A minimal bump arena over an mmap'd region:

#include <sys/mman.h>
#include <stdint.h>
#include <stddef.h>
#include <stdio.h>

typedef struct {
char *base;
size_t cap;
size_t used;
} Arena;

static Arena arena_create(size_t cap) {
void *p = mmap(NULL, cap, PROT_READ | PROT_WRITE,
MAP_PRIVATE | MAP_ANONYMOUS, -1, 0);
return (Arena){ .base = p, .cap = cap, .used = 0 };
}

static void *arena_alloc(Arena *a, size_t n, size_t align) {
uintptr_t cur = (uintptr_t)a->base + a->used;
uintptr_t aln = (cur + (align - 1)) & ~(align - 1);
size_t need = (size_t)(aln - (uintptr_t)a->base) + n;
if (need > a->cap) return NULL;
a->used = need;
return (void*)aln;
}

static void arena_reset(Arena *a) { a->used = 0; }
static void arena_destroy(Arena *a) { munmap(a->base, a->cap); a->base = NULL; }

int main(void) {
Arena a = arena_create(1 << 20);
int *xs = arena_alloc(&a, 1000 * sizeof(int), _Alignof(int));
for (int i = 0; i < 1000; i++) xs[i] = i;
printf("sum=%d used=%zu\n", xs[999], a.used);
arena_destroy(&a);
}

No free per object. The whole mental model is: allocate freely, release all at once.

For a free-list allocator, the canonical worked example is K&R 8.7. Each free block has a header with a size and a next pointer; alloc scans the circular list for a block large enough and splits it; free inserts the block in sorted order and coalesces with neighbors.

Common Confusion / Misconception

"malloc asks the kernel for memory on every call." No. A good malloc asks the kernel once for a large chunk, then serves many small requests from it. You can observe this: strace a program doing a million tiny allocations, and you will see only a handful of brk or mmap calls.

"I can free memory I got from my arena." No. If your API has no per-object free, respect that. Mixing allocators (arena + libc free) is a guaranteed crash -- the libc free expects a libc-allocated block, and your arena blocks do not have the right headers.

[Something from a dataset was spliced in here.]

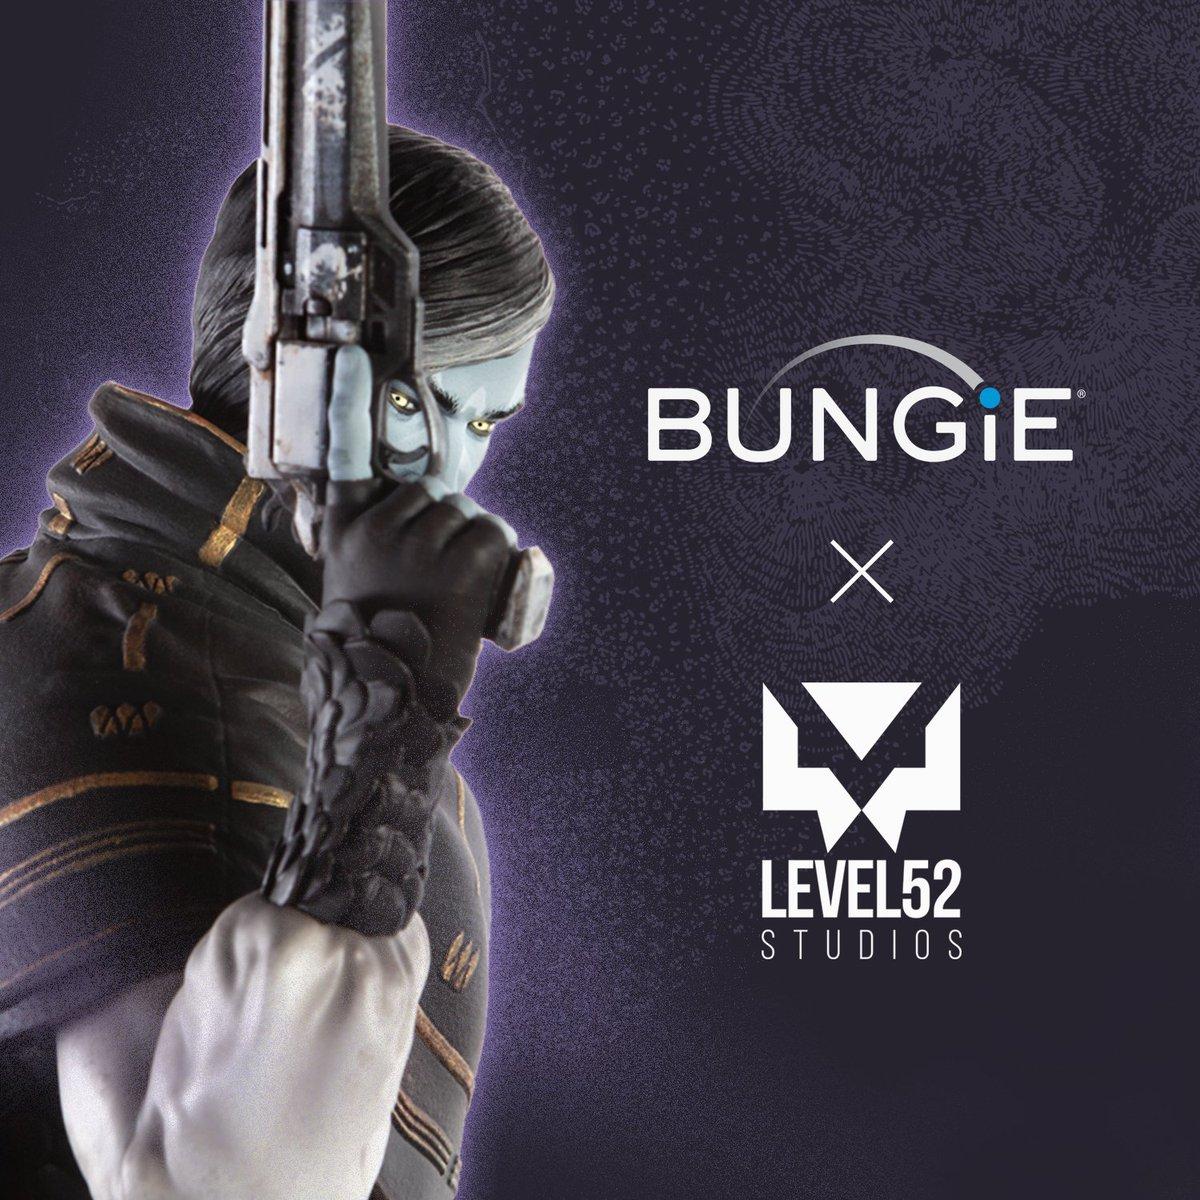 8e209a64a31 ... with  Bungie to create Destiny Legends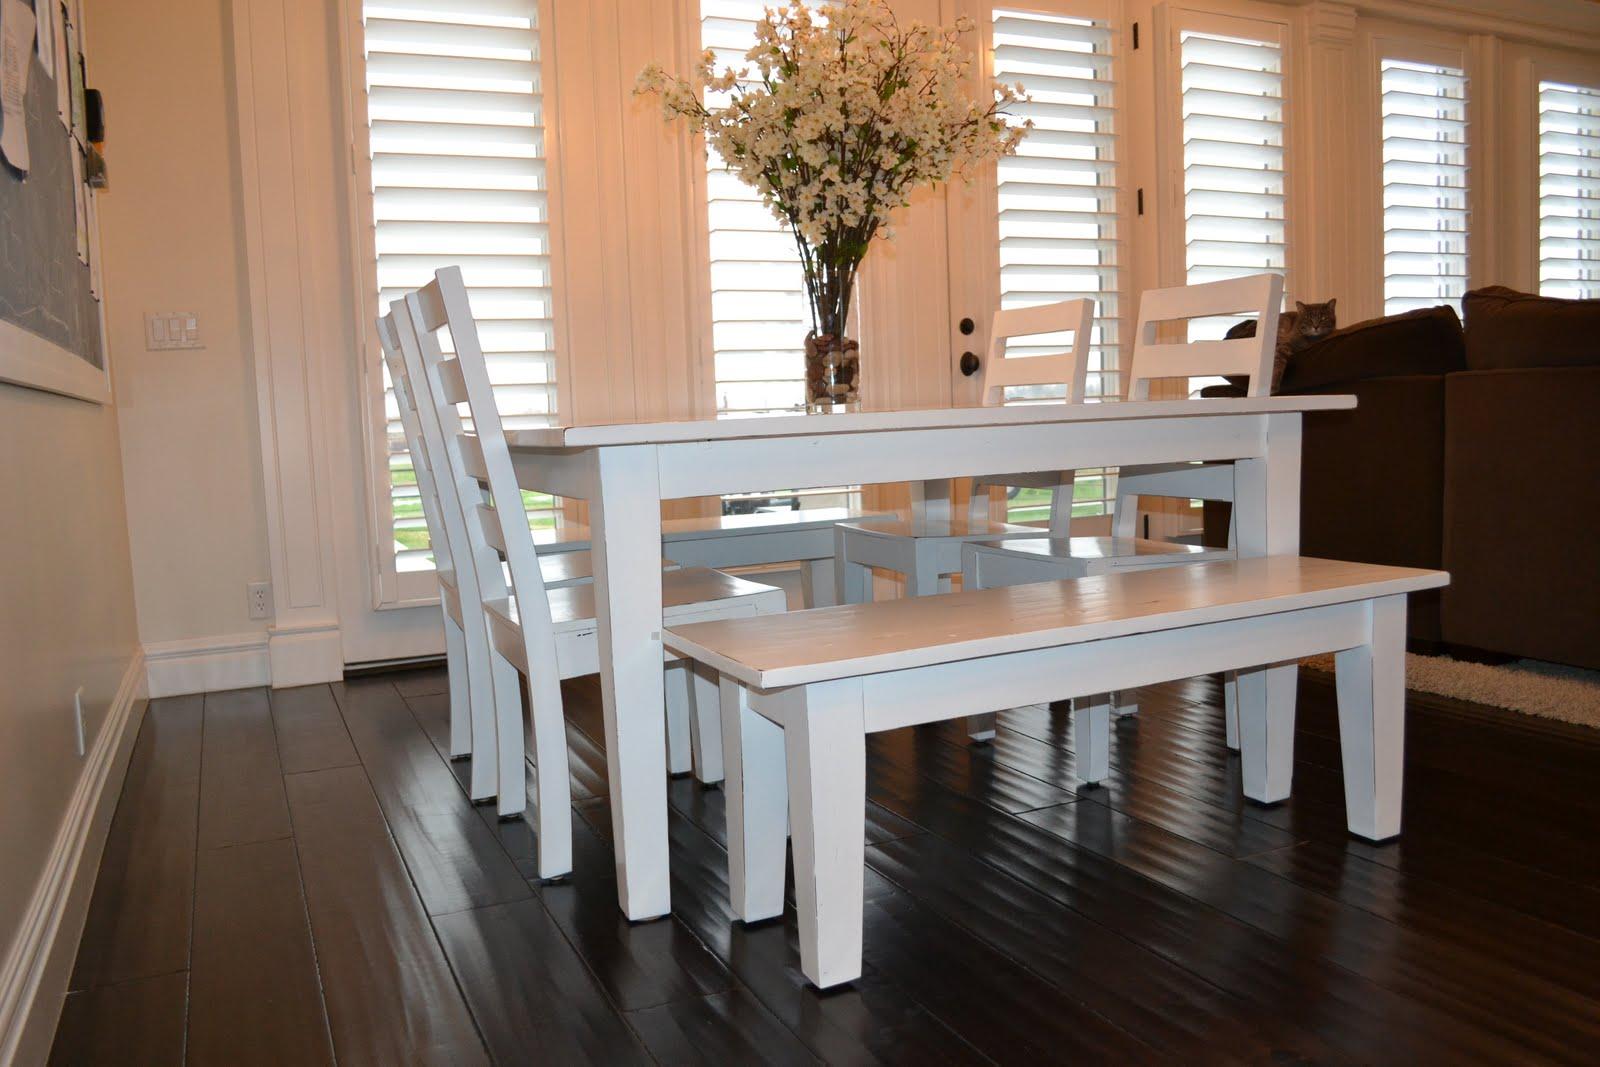 white+distressed+kitchen+table white distressed kitchen table White Distressed Kitchen Table White of The Kitchen Table

"Fragmentation is only a problem on 32-bit systems." Fragmentation still matters: a 64-bit server that runs for days can degrade in throughput because allocation metadata no longer fits in cache. Size-class allocators exist specifically to bound fragmentation.

How To Use It

Pick the allocator shape by the lifetime of the objects, not the count:

  1. One "generation" of objects that all die together -> arena.
  2. Many short-lived objects with varying sizes -> libc malloc is fine.
  3. One dominant size used heavily -> slab/pool allocator of that size.
  4. Long-running process with mixed sizes and high throughput -> keep libc; reach for jemalloc/tcmalloc before rolling your own.

Check Yourself

  1. Why is an arena often faster than many malloc/free pairs?
  2. What is the role of coalescing in a free-list allocator?
  3. Why is calling libc free on a pointer from your arena a bug?

Mini Drill or Application

Do all four:

  1. Run the bump arena above and add a stress test: 10 million tiny allocations. Time it against the equivalent loop using malloc/free.
  2. Read K&R 8.7 and transcribe the alloc/free implementation into your own file. Run its example and explain each field of Header.
  3. Add a "checkpoint/restore" API to your arena: size_t mark = a.used; ...; a.used = mark;. Show how it enables per-scope cleanup.
  4. In one sentence, explain why double-freeing in a free-list allocator can corrupt other allocations, not just the duplicated one.